The vet will keep Echo’s body until we return. The rest of this holiday will feel hollow, knowing that my first task upon returning to Japan will be to collect her tiny body and bring her home to rest in a small corner of our garden.

For a delightful, if too brief a time, Echo was a source of joy in our home. She reminded us that the struggle for life, in equal parts beautiful and tragic, is worth the whole of our attention.

Echo’s short, sweet, wonderful adventure changed us all. Thank you, Echo, thank you.

Responses
Dane Cobain 6 years ago

It’s always tough to lose a pet but I suppose that we keep them anyway because we know that the rewards are greater than the sorrow that we’ll feel when they’re gone.

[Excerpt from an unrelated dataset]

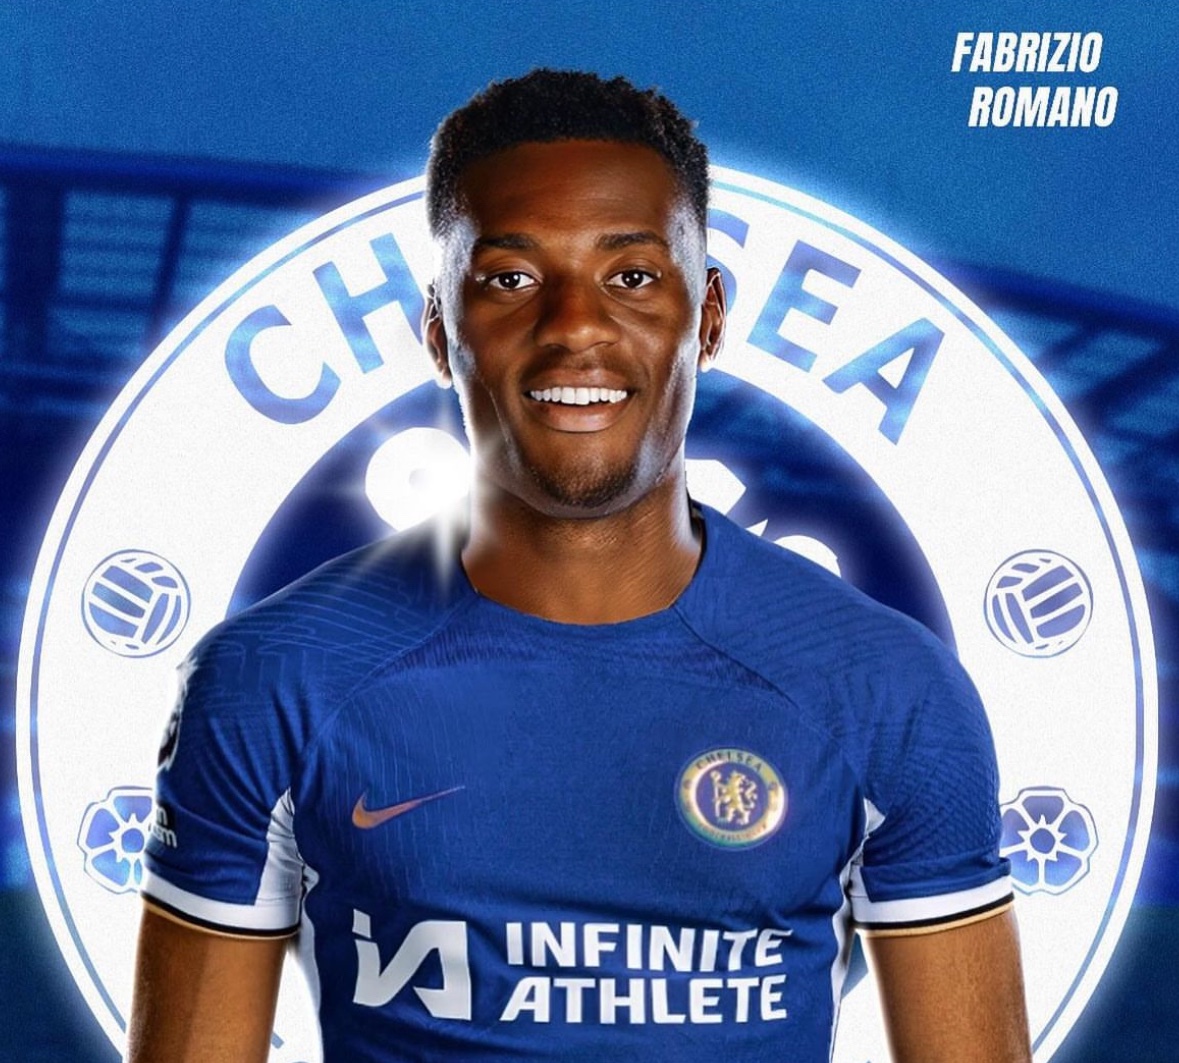 🔵 Chelsea expect Tosin Adarabioyo deal to be signed and sealed next week, after verbal agreement reached.

Tosin believes Chelsea are offering the best project for his future, with Enzo Maresca also being a factor for his decision.

And the memories will always remain as well!

It’s interesting how much having a pet can help with your mental health. I have issues with both depression and anxiety and I can say without a doubt that adopting my cat (Biggie) is the best thing I’ve ever done to help to treat it. Especially for people like myself who don’t have children, a pet gives you something to focus on. It makes you actively want to take care of yourself because you know that there’s a life that you’re responsible for.

And like you say, the daily routines also help, although I think that can be said for routine in general. I think keeping your body busy can also help to keep your mind busy.